In a way, with the cultural obsession with motherhood, and the pervasive assumption that all women will have children, it’s refreshing to see female characters unburdened by the pressure to reproduce. No one wants to see Wonder Woman suffer through the third baby shower this month, or dodge questions about when she’s going to be next. But the treatment of the rare character that does go through pregnancy and childbirth shows us that more often than not, the omission of children is for mere storytelling convenience.

Jessica Jones, of all people, has a daughter with Luke Cage. Technically, she gives birth during a period when she’s given up her superhero duties, but after her daughter’s birth, the child serves to perpetuate and underscore the same struggles Jones has gone through before: she is torn between the superhero world and trying to lead a normal life, unable to fit in to either group.

Some characters’ stories address their inability to have children. Poison Ivy is a villain and unable to have children of her own, but she’s still quite maternal, adopting orphans and protecting them in her Robinson Park paradise. Scarlet Witch goes through great lengths to bring herself children, using magical energy to create her twins, who were soon lost.

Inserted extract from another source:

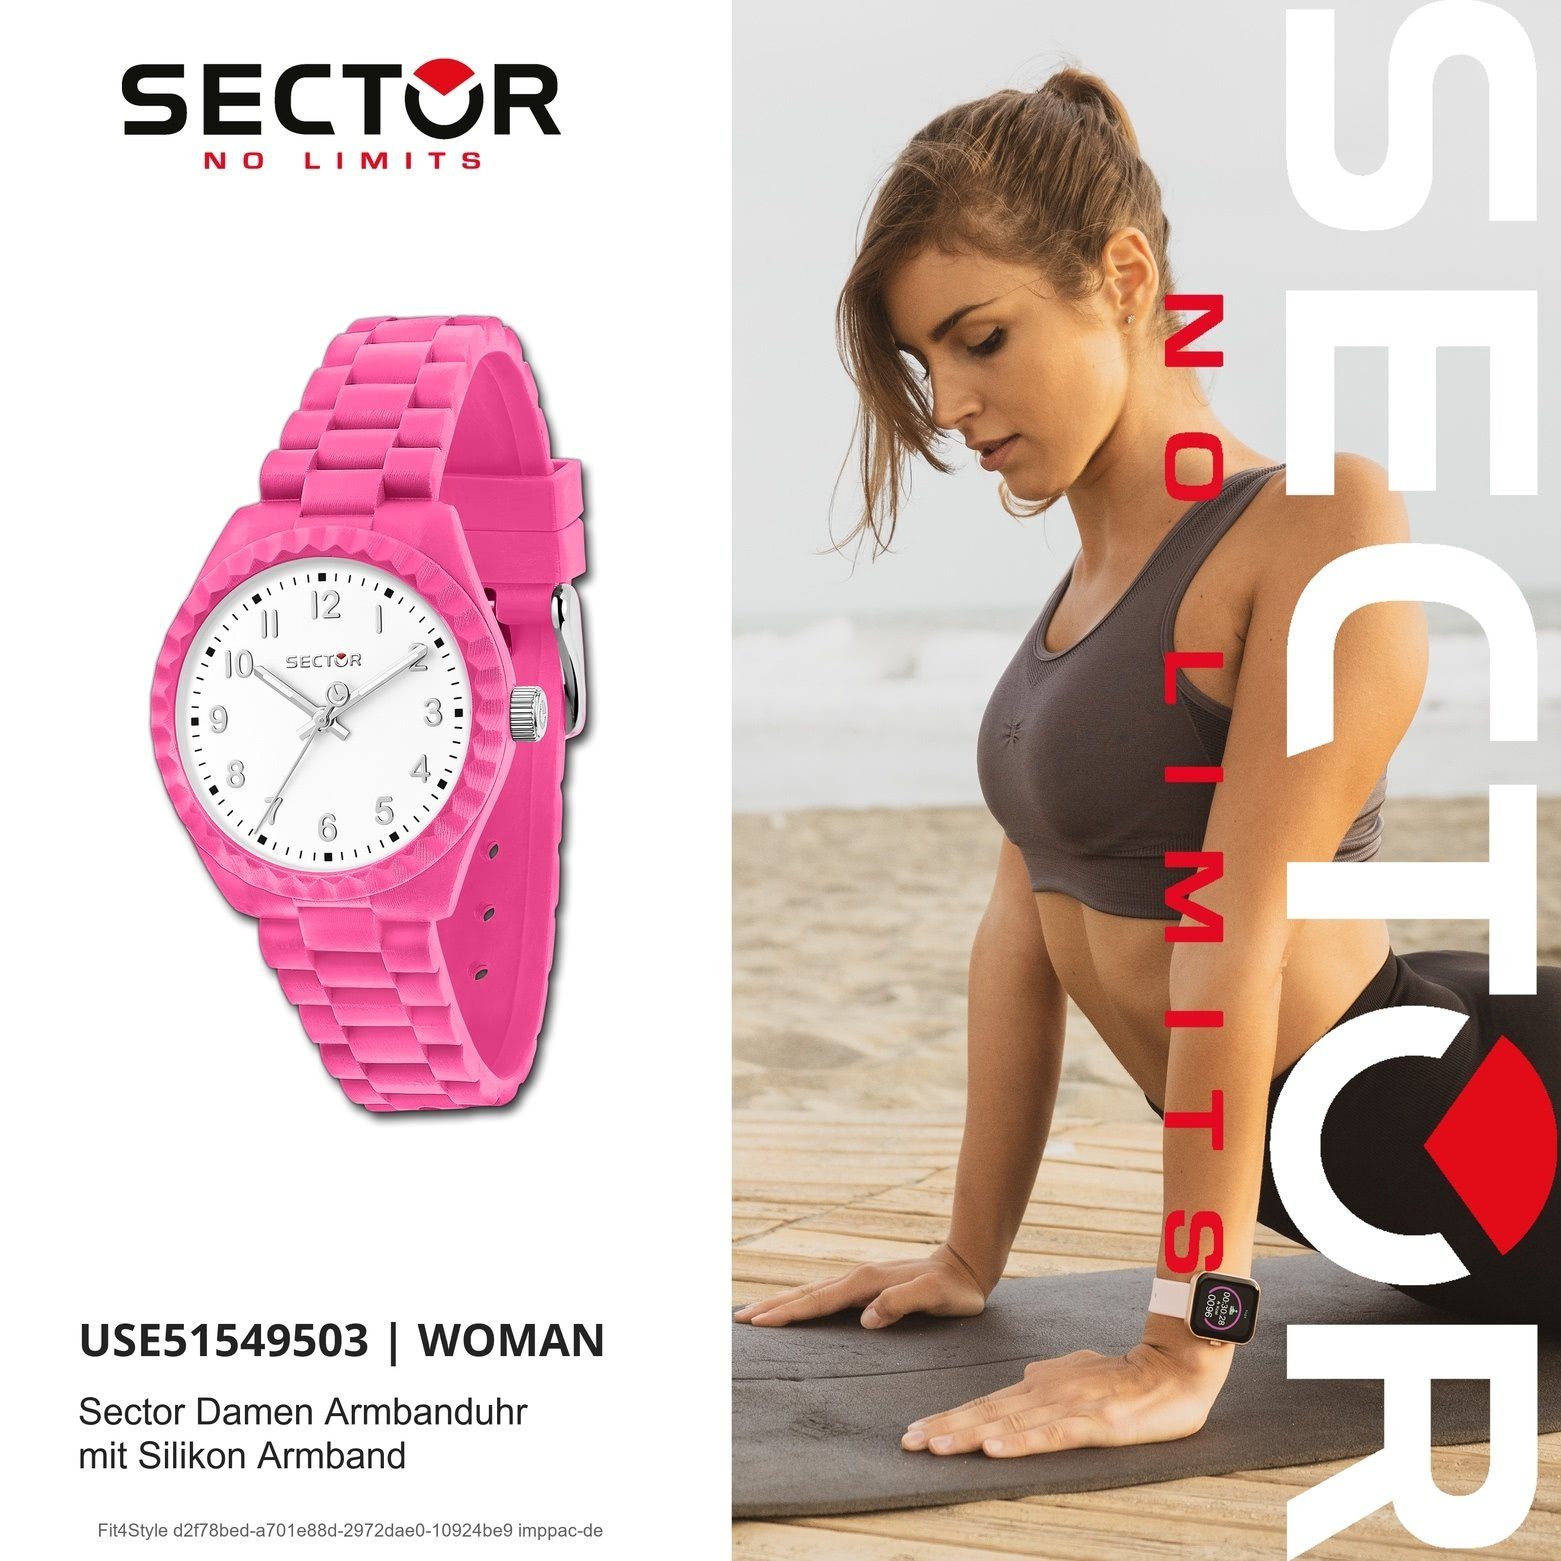 Damen rosa, (ca. Armbanduhr Damen Fashion Sector Armbanduhr Silikonarmband rund, Quarzuhr Analog, Sector 42mm), groß

Poison Ivy and the Robinson Park orphans.

Mystique, surprisingly, had two sons, and was unsurprisingly a pretty bad mom. Her son with fellow mutant Sabretooth was given up for adoption when he turned out to be a regular human, she she was forced to abandon her other son, the half-demon Nightcrawler. Both her sons were conceived via seduction and deceit, and thus their births are just a part of Mystiques villainy. Despite giving up two inconvenient children, Mystique did adopt Rogue; they had a tumultuous relationship, and eventually Rogue turned on her.

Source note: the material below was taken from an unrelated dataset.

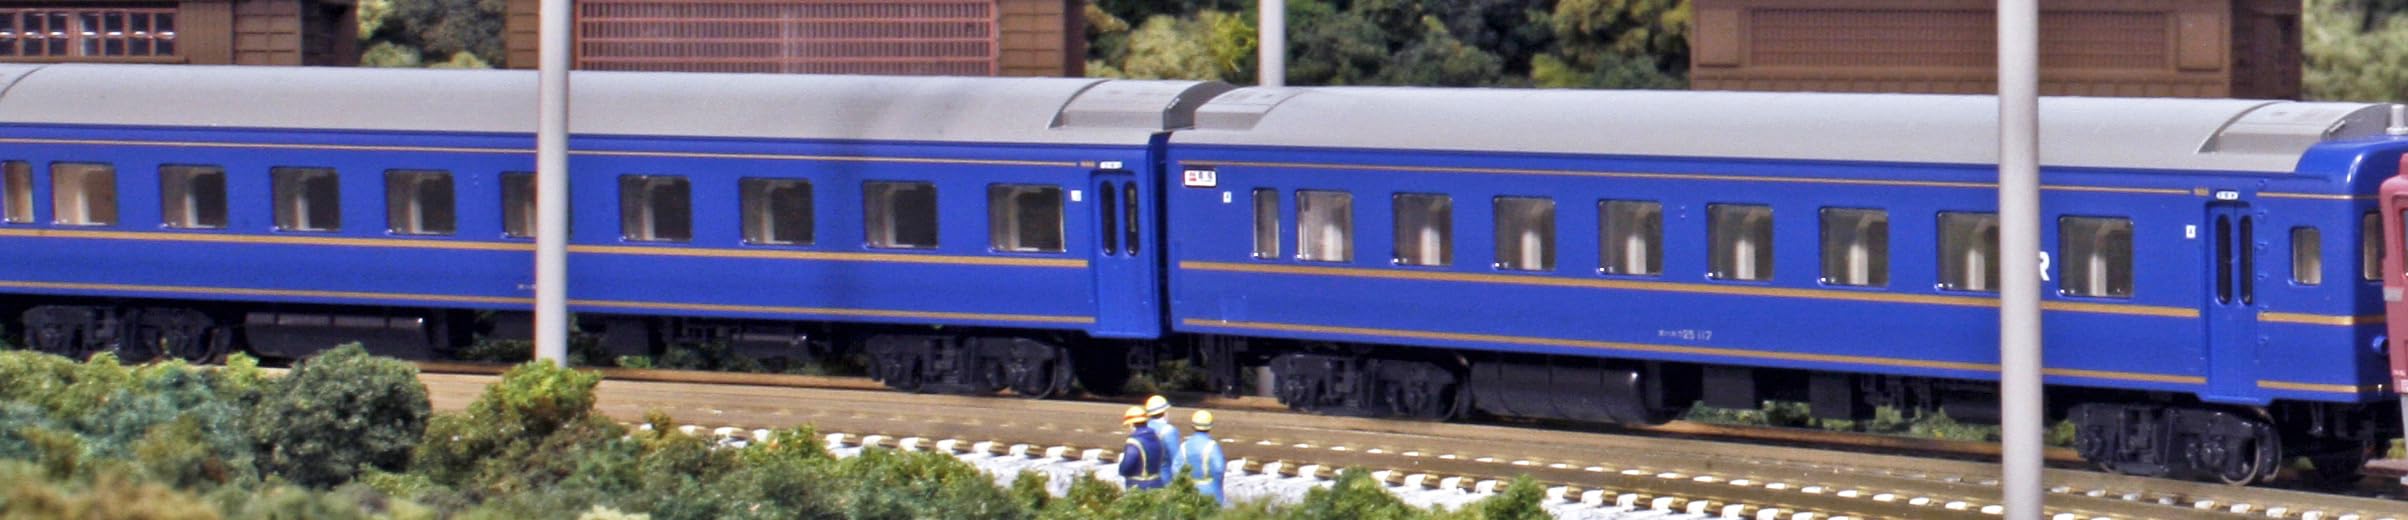 Kato N Gauge 24 Series Japan Nihonkai Sleeper Limited Express 6 Car Set 10-881 Railway Model

We talked before about Ayesha, the upcoming villain of Guardians of the Galaxy Vol. 2, who is driven by her desire to procreate. Being of a superhuman race, however, she does not actually bear her own children. She appeared primarily in Marvel’s Quasar series, where she mates with various superheroes by attaching her cocoons to their bodies. She finally sets her sights on Quasar, the superhero so pro-life he’s doesn’t attempt to destroy her cocoon. The best thing to come out of the series was this cover.

"Having Her Baby!"

DC’s Maxima was originally quite similar to Ayesha, sent from her home planet to mate and repopulate her race. She consistently pursues Superman as her mate. For her, reproducing is a duty she pursues out of obligation. She was occasionally implied to be bisexual or lesbian, and recently rebooted as a canonically gay character, which is a much better story than the (alt future) time she made out with Superman on Lois Lane’s grave.

Stone cold.

In both instances, these female characters who are driven to procreate are couched in the same language of mating and breeding. They are not motivated by maternal desire but rather necessity, and thus will not actually bear any maternal responsibility for carrying or raising their offspring. They feed more into scary sexy alien narratives than motherhood narratives.

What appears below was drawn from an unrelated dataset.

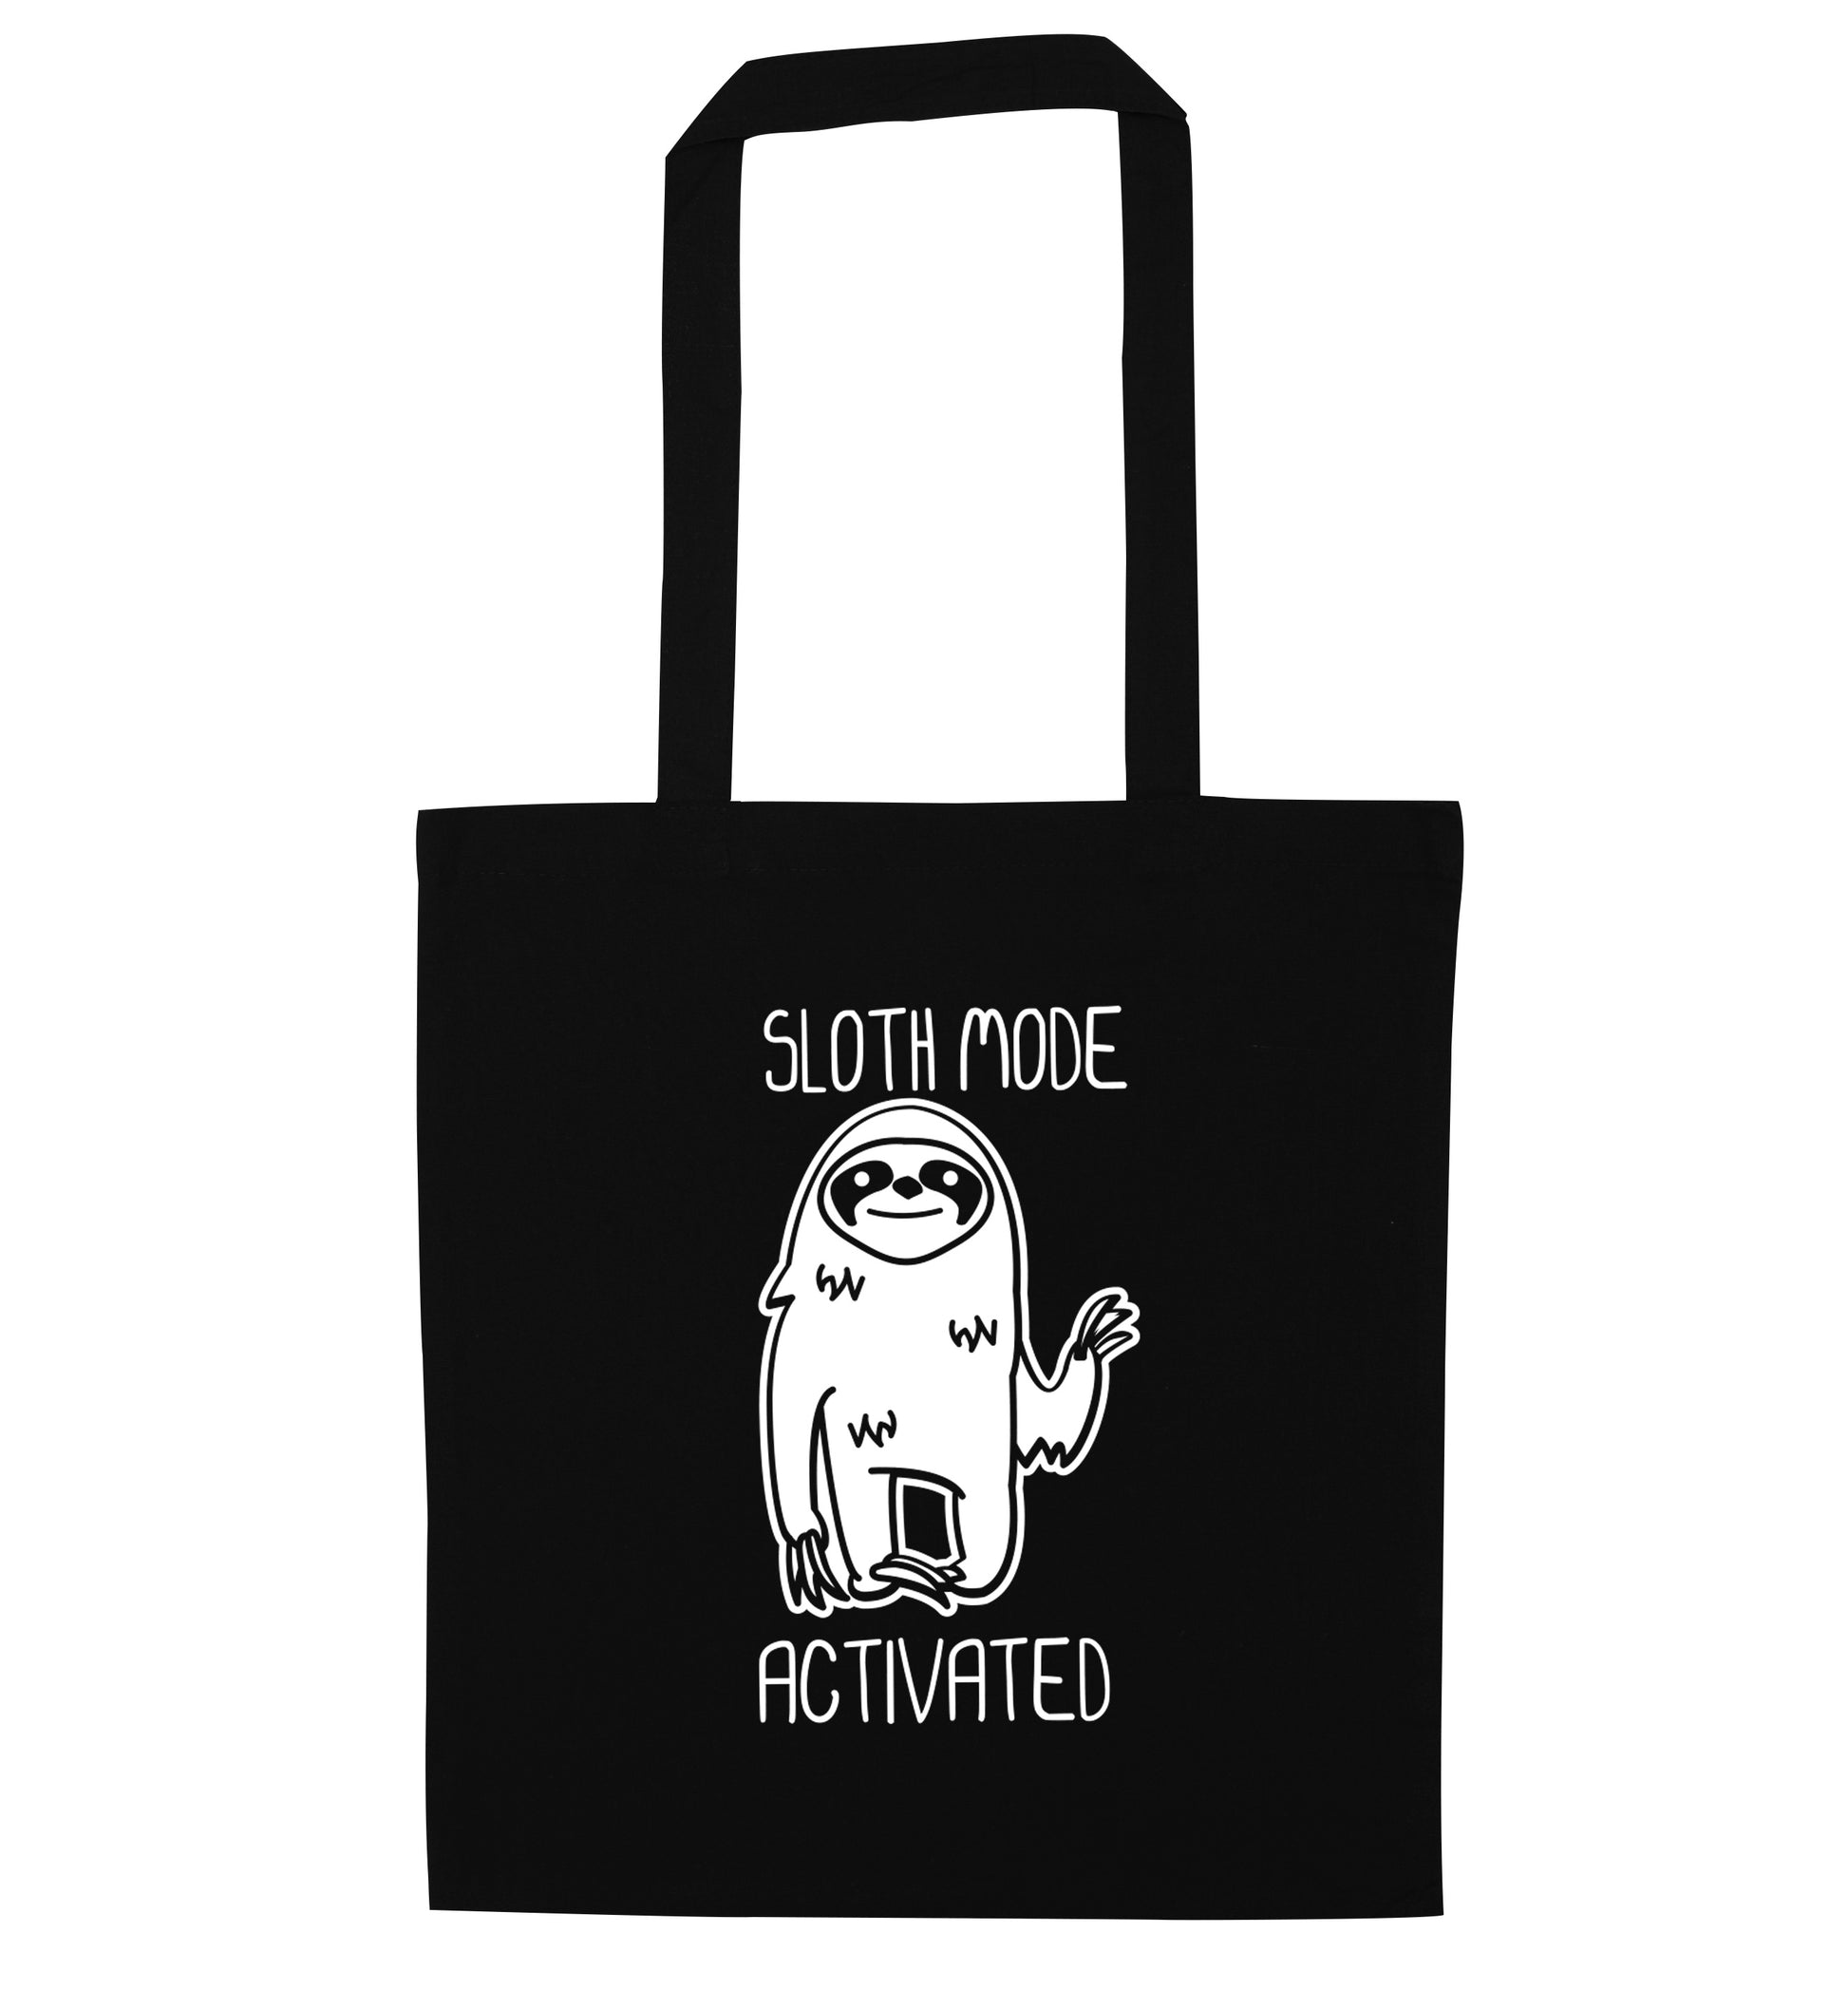 Sloth mode acitvated black tote bag

Alternately, Marvel’s Spiderwoman has been fighting her urge to fight crime while egregiously pregnant. Part of the fun in that comic is that she’s purposefully hiding the father’s identity from other superheroes. And, of course, outside the major comic book universes, parenthood can make for amazing storytelling. Look no further than the Saga series for a story about parenthood, from pregnancy on, that still manages to be funny, sexy, thrilling and adventurous.